* EXERCISE AIM *
Pictures excluded, set down exactly the lines from the one containing "Spielzeugauto Mehrfarbig Speedy, 6-sortiert" through the final line of the material, and only those.

* INFORMATION PROVIDED *

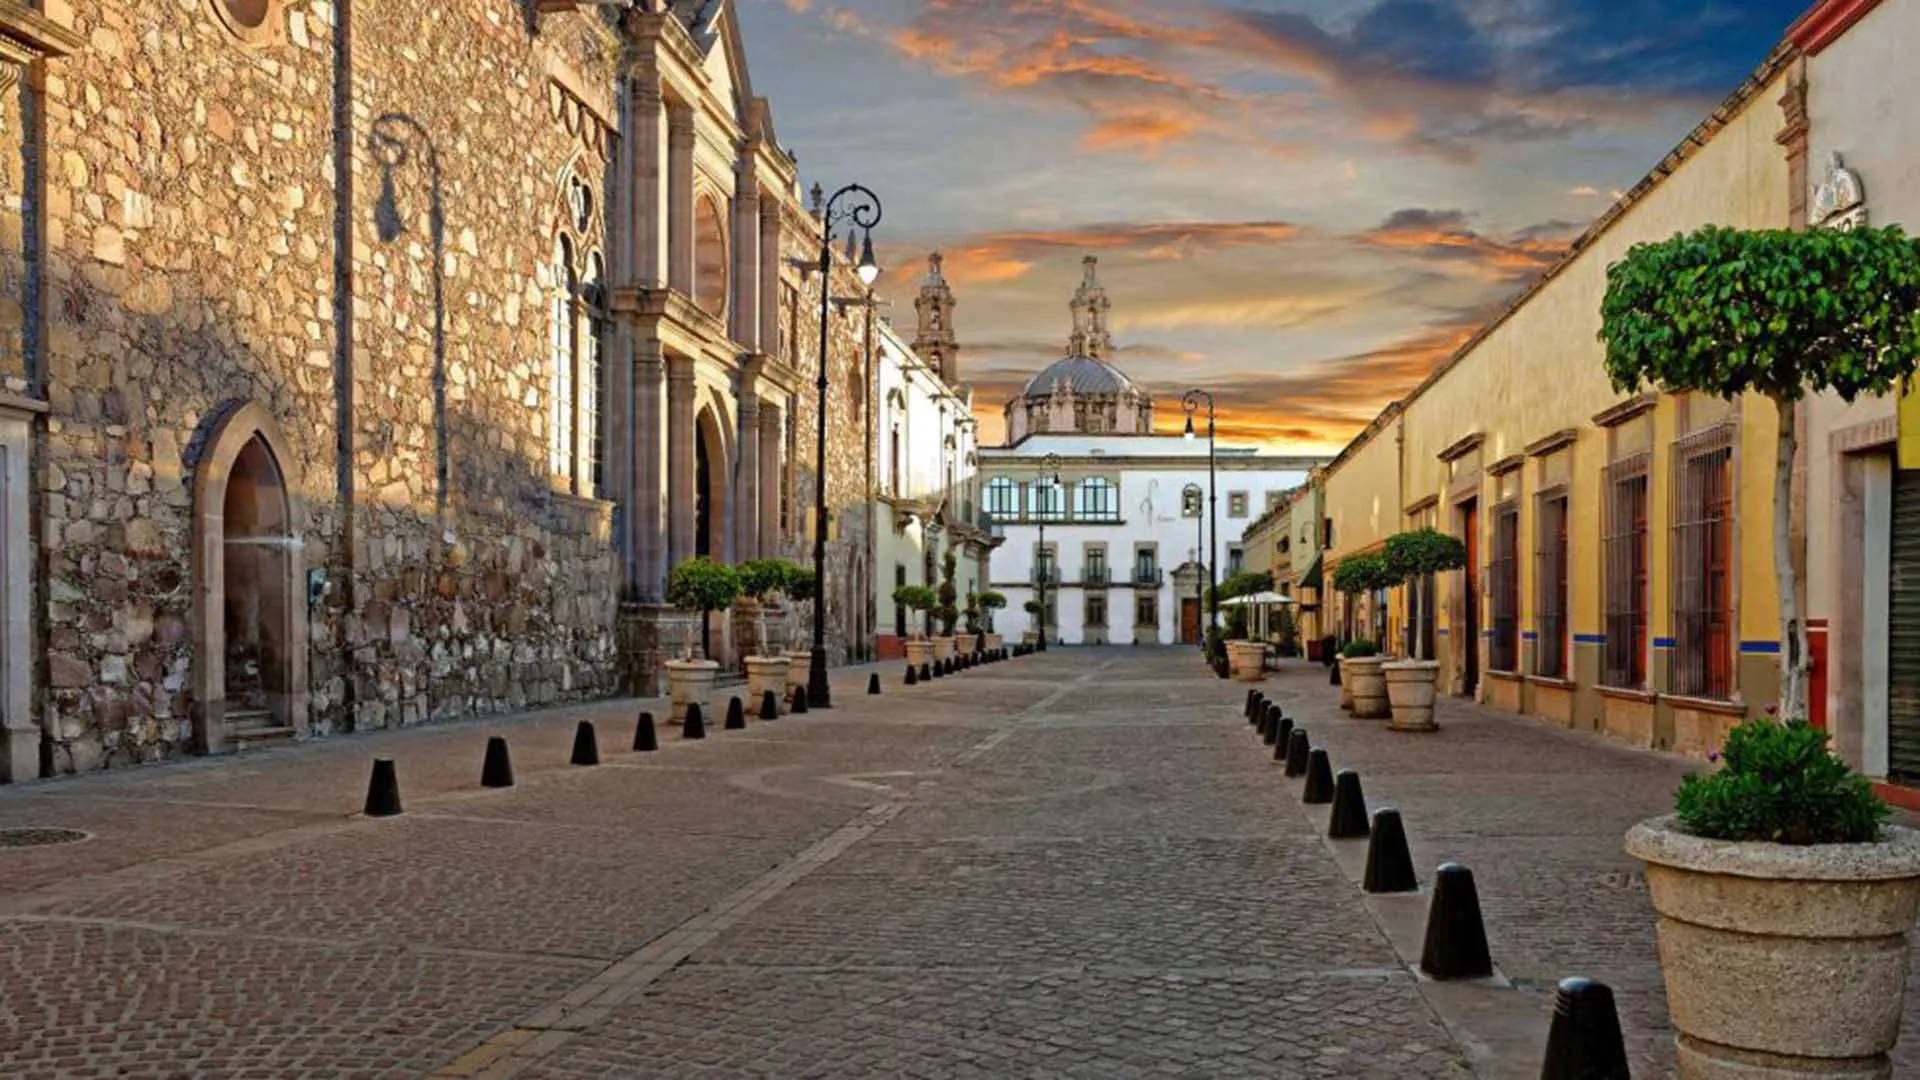 Nota sobre Recorre el centro histórico de Puebla
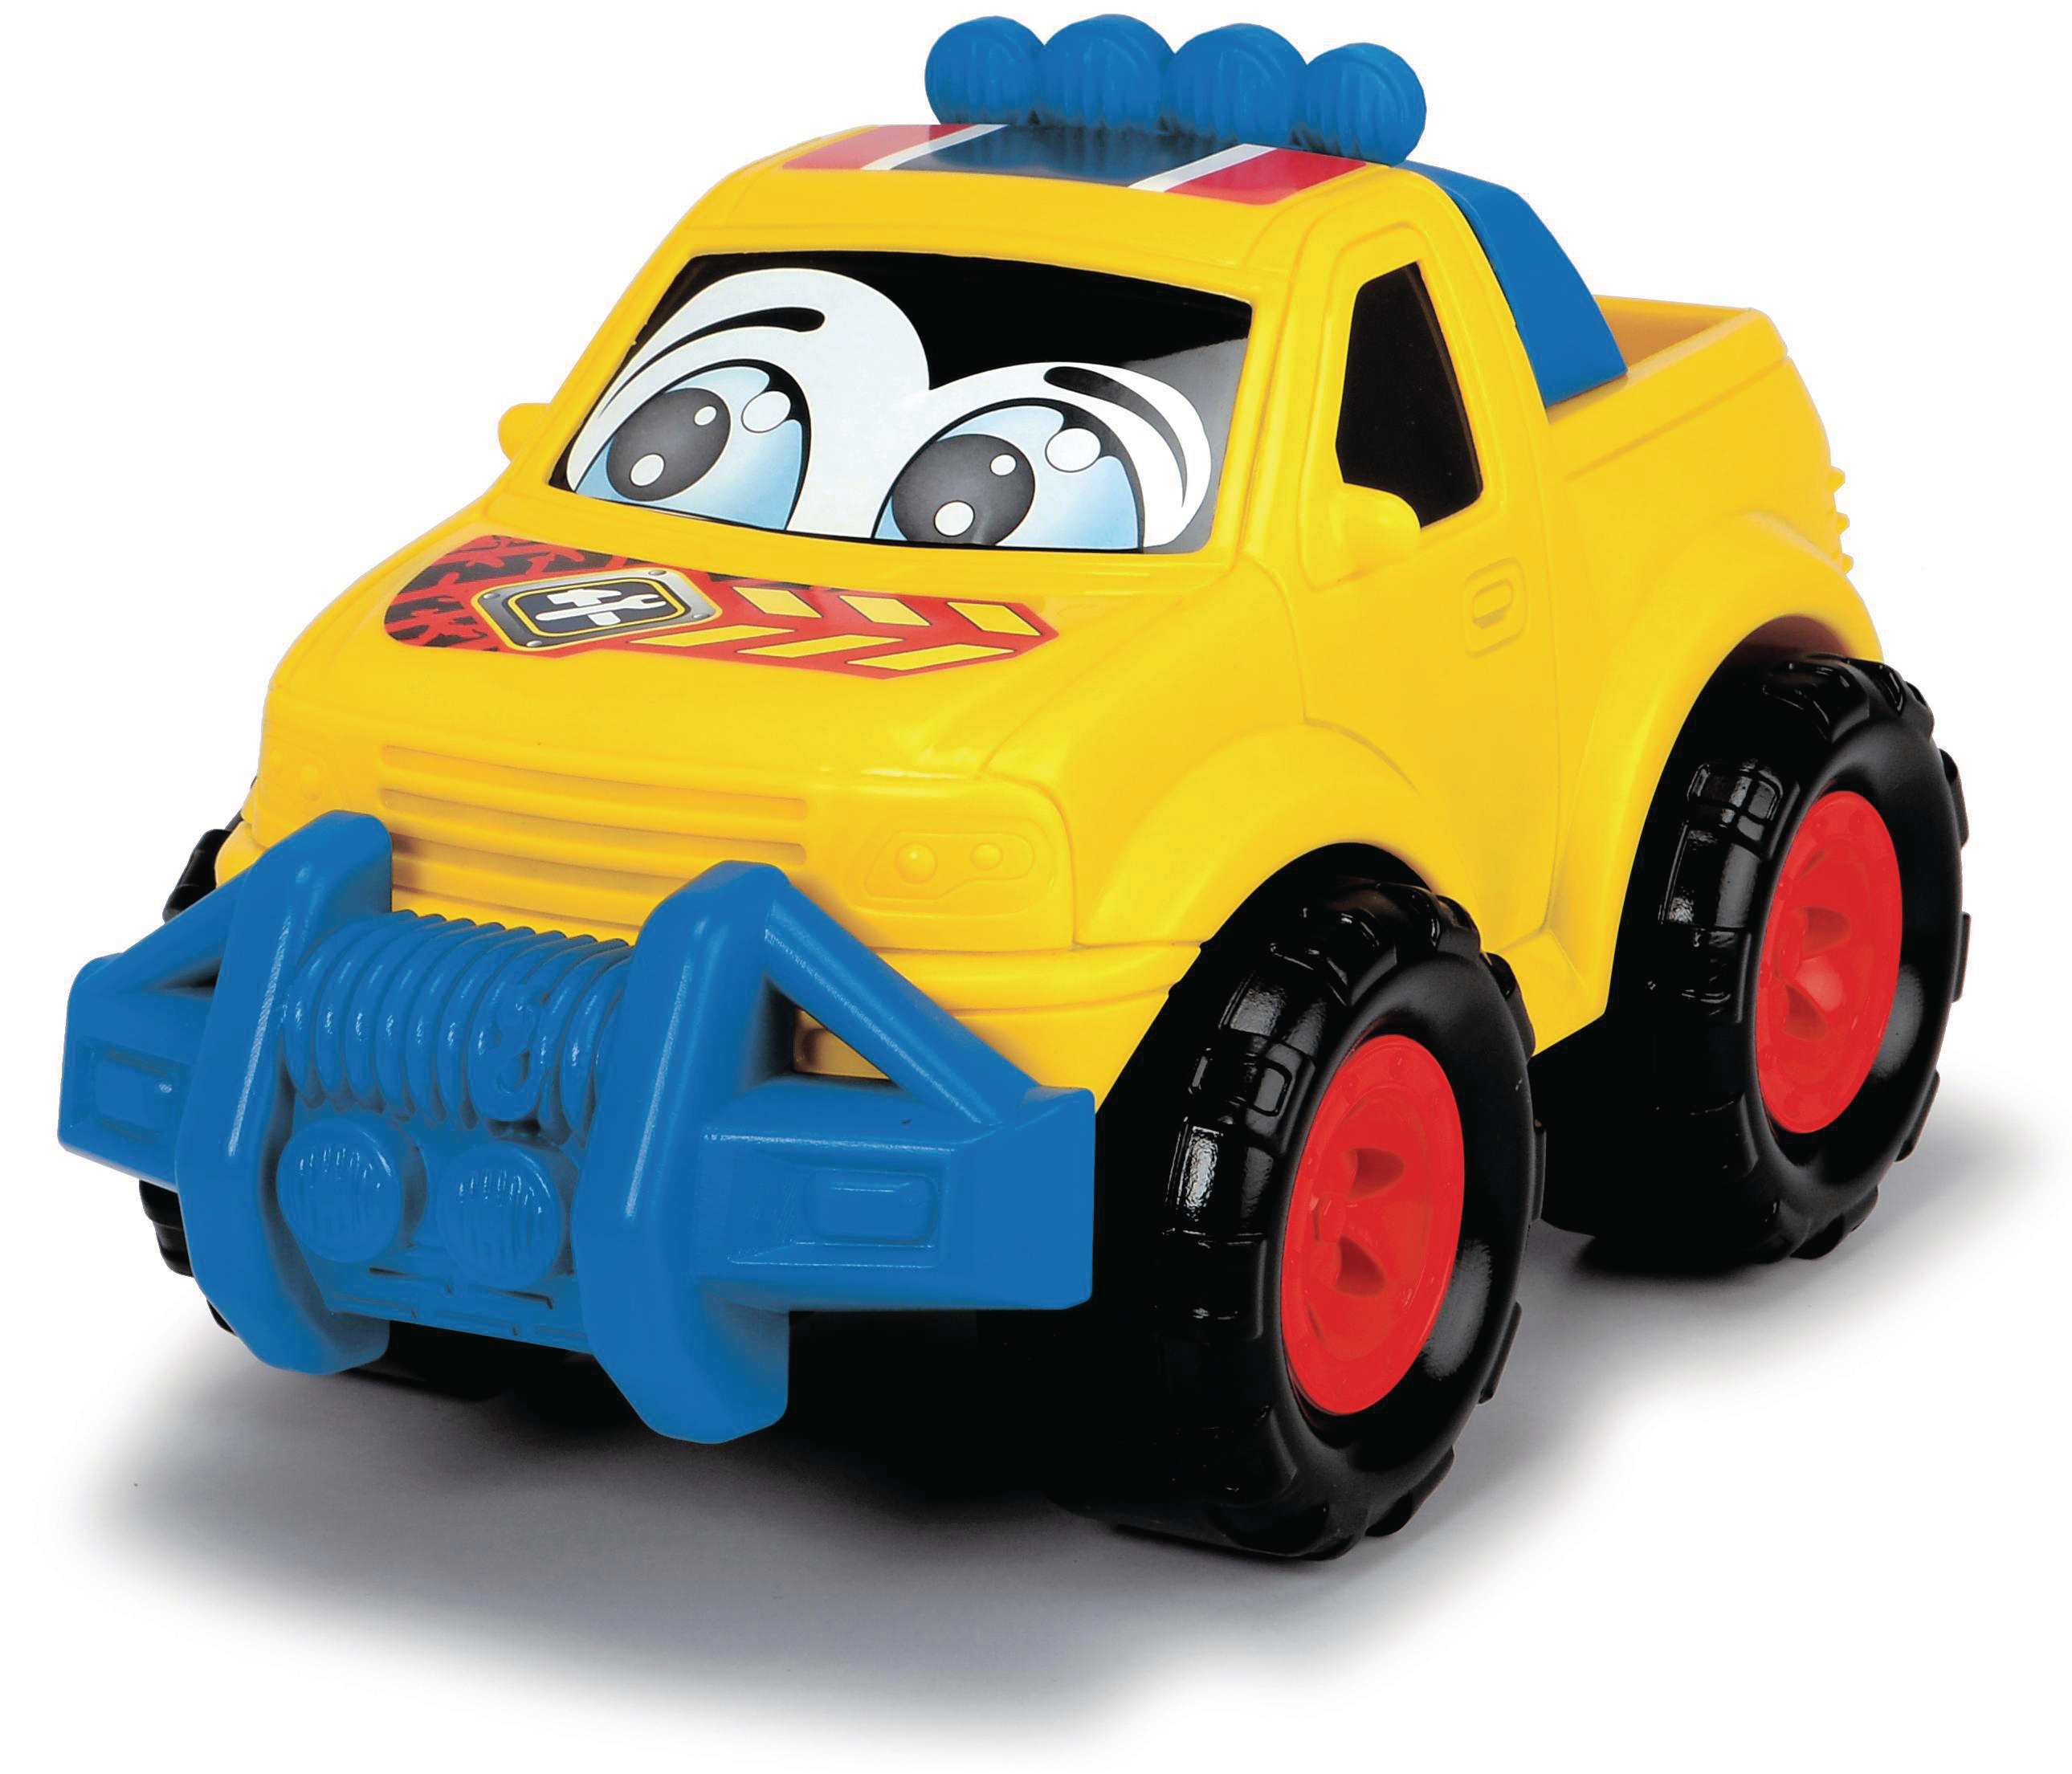 Spielzeugauto Mehrfarbig Speedy, 6-sortiert ABC DICKIE-TOYS Spielzeugauto,
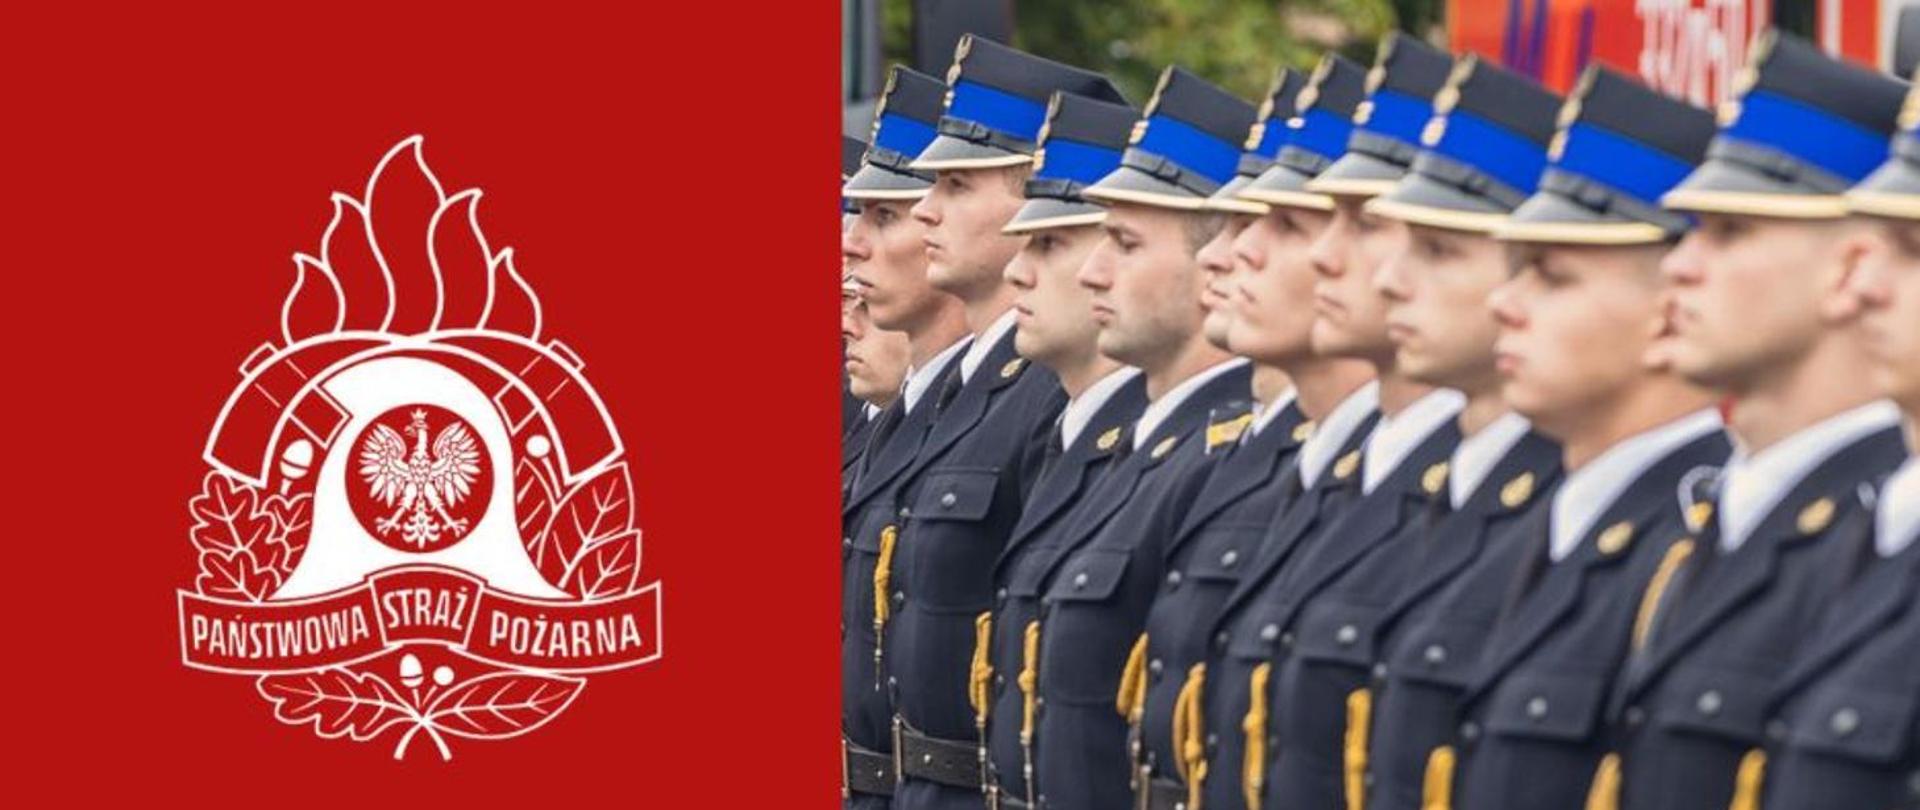 Infografika: po lewej stronie na czerwonym tle logo PSP, po prawo zdjęcie strażaków stojących na baczność w mundurach galowych
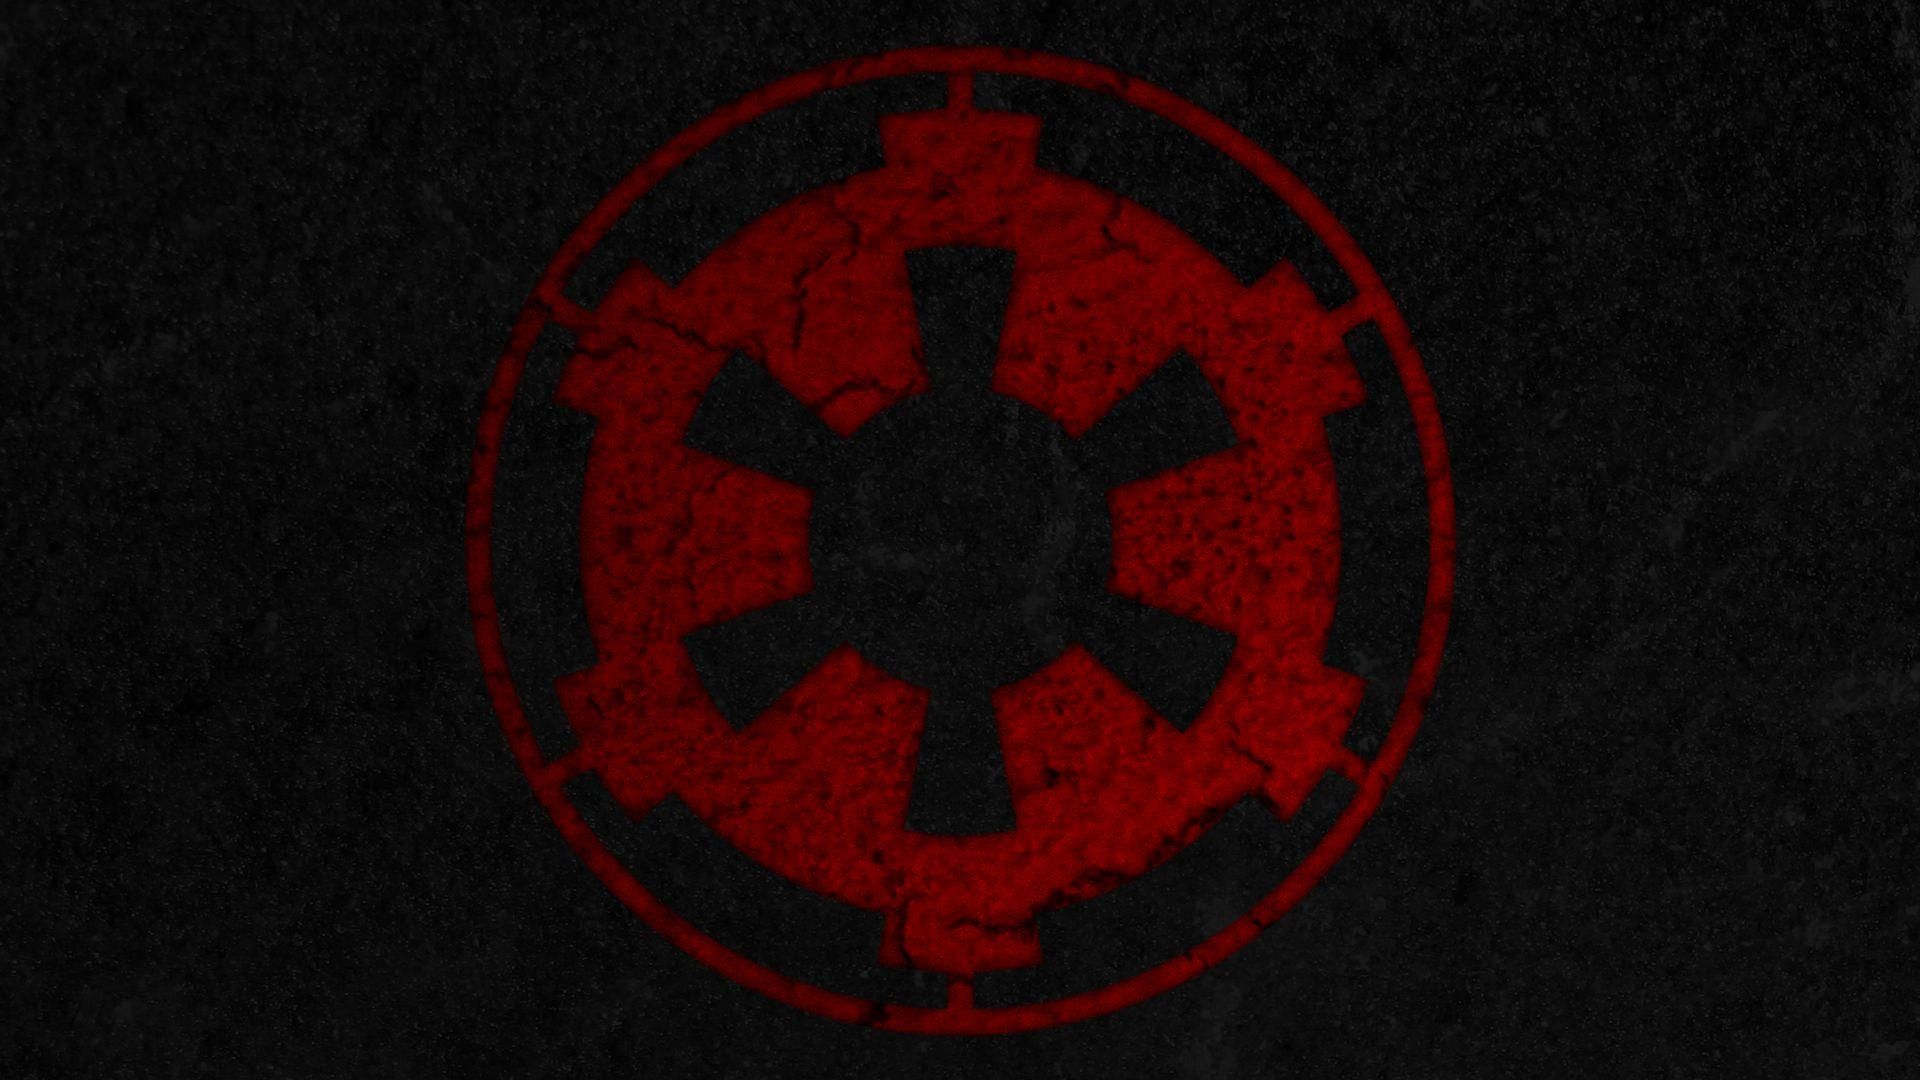 star wars empire logo wallpaper

* EXERCISE SOLUTION *
 Spielzeugauto Mehrfarbig Speedy, 6-sortiert ABC DICKIE-TOYS Spielzeugauto,
 Infografika: po lewej stronie na czerwonym tle logo PSP, po prawo zdjęcie strażaków stojących na baczność w mundurach galowych
 star wars empire logo wallpaper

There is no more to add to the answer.